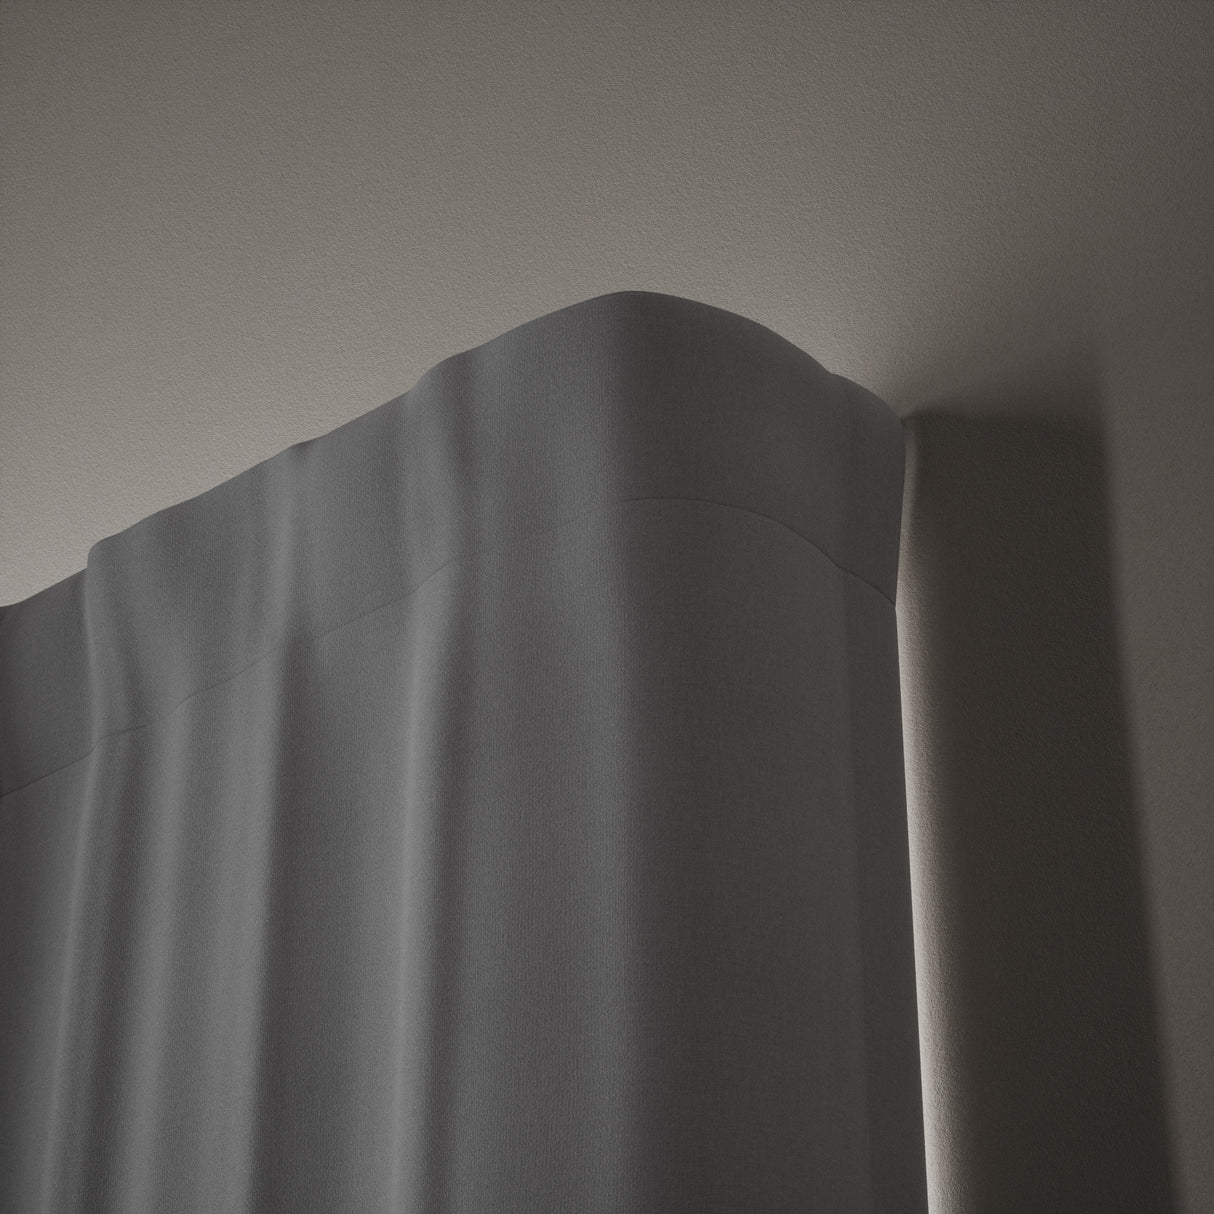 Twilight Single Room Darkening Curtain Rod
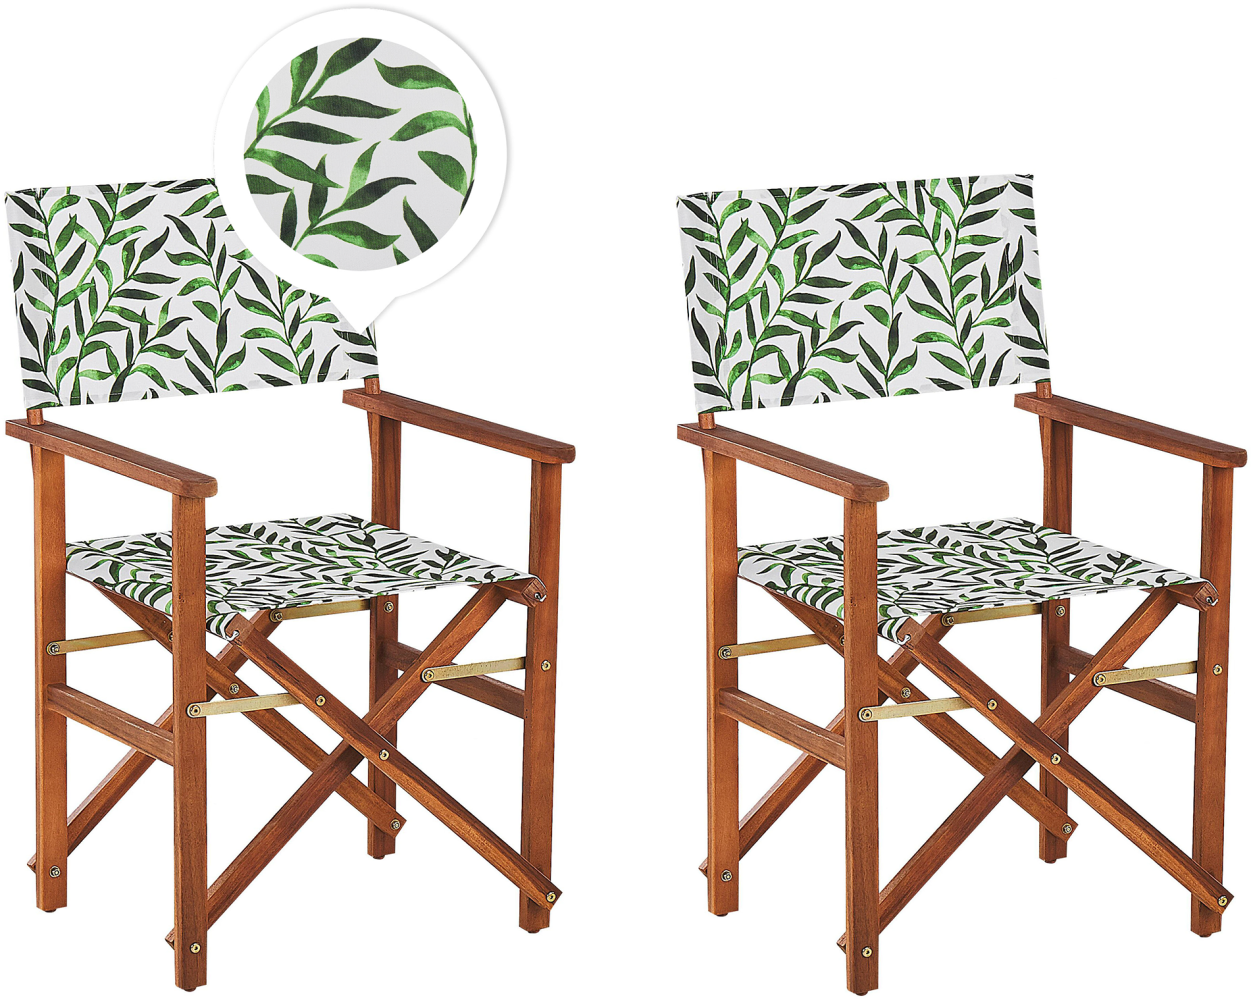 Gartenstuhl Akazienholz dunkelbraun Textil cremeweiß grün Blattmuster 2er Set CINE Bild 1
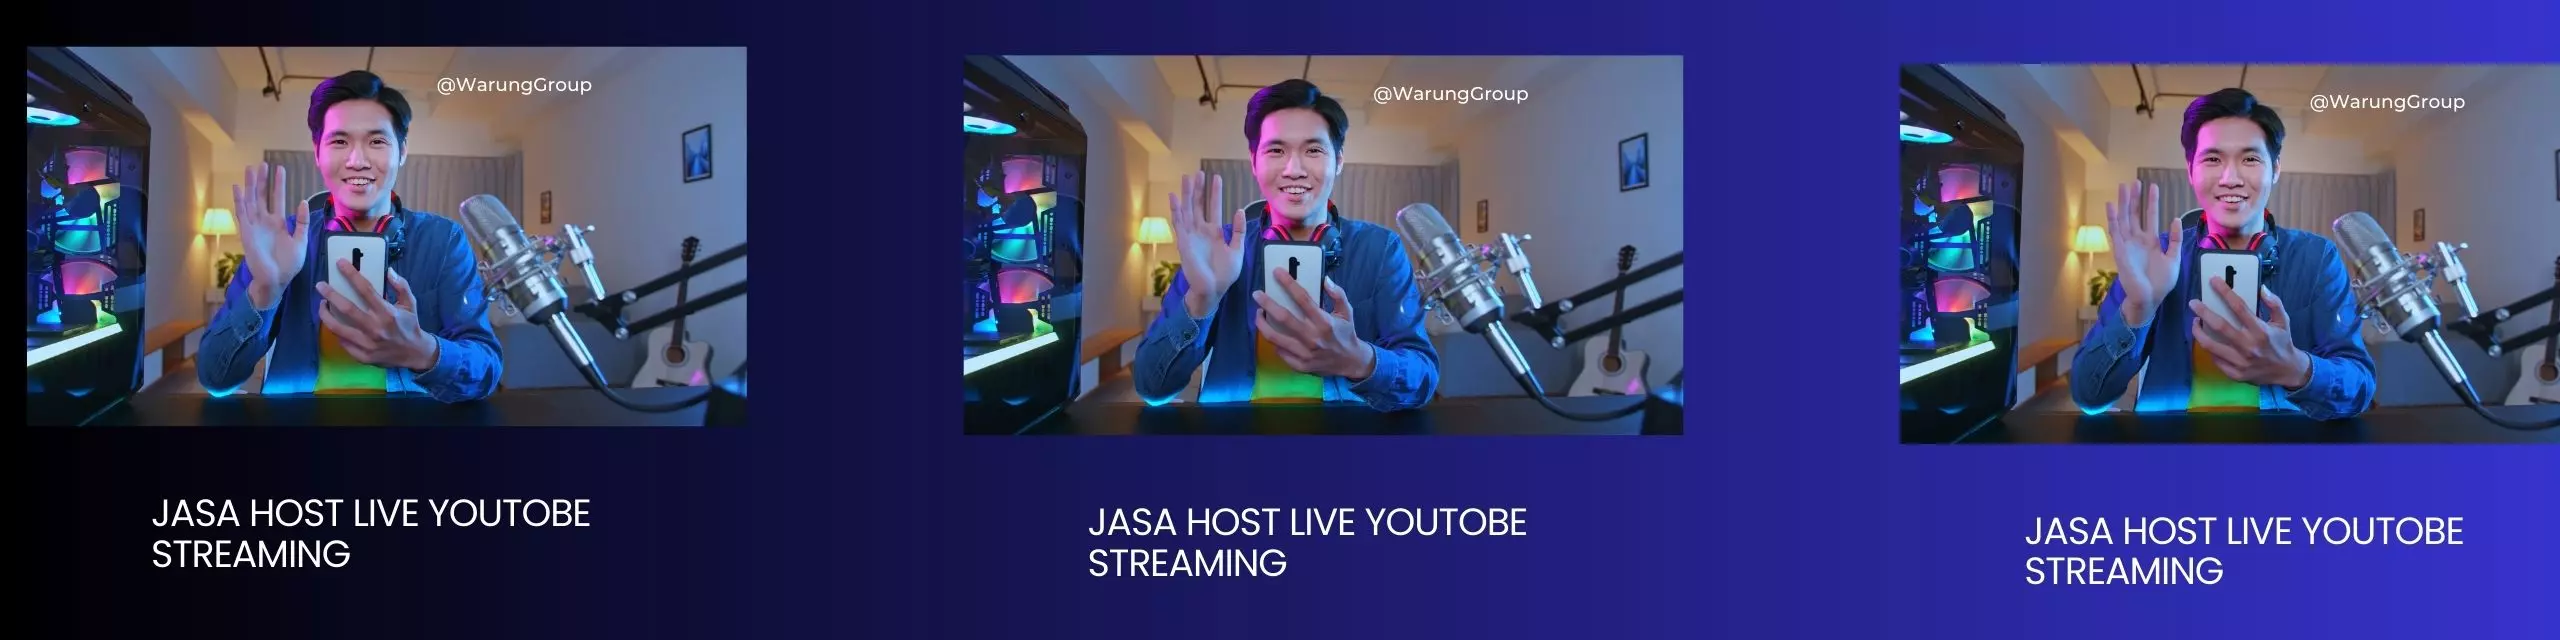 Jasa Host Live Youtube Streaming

_Directions for this task:_ Set down, in exact form, only the lines that start at the one containing "Gartenstuhl Akazienholz dunkelbraun" and finish at the last line of the material; pictures do not go in.

_Answer section:_
 Gartenstuhl Akazienholz dunkelbraun Textil cremeweiß grün Blattmuster 2er Set CINE Bild 1
 Jasa Host Live Youtube Streaming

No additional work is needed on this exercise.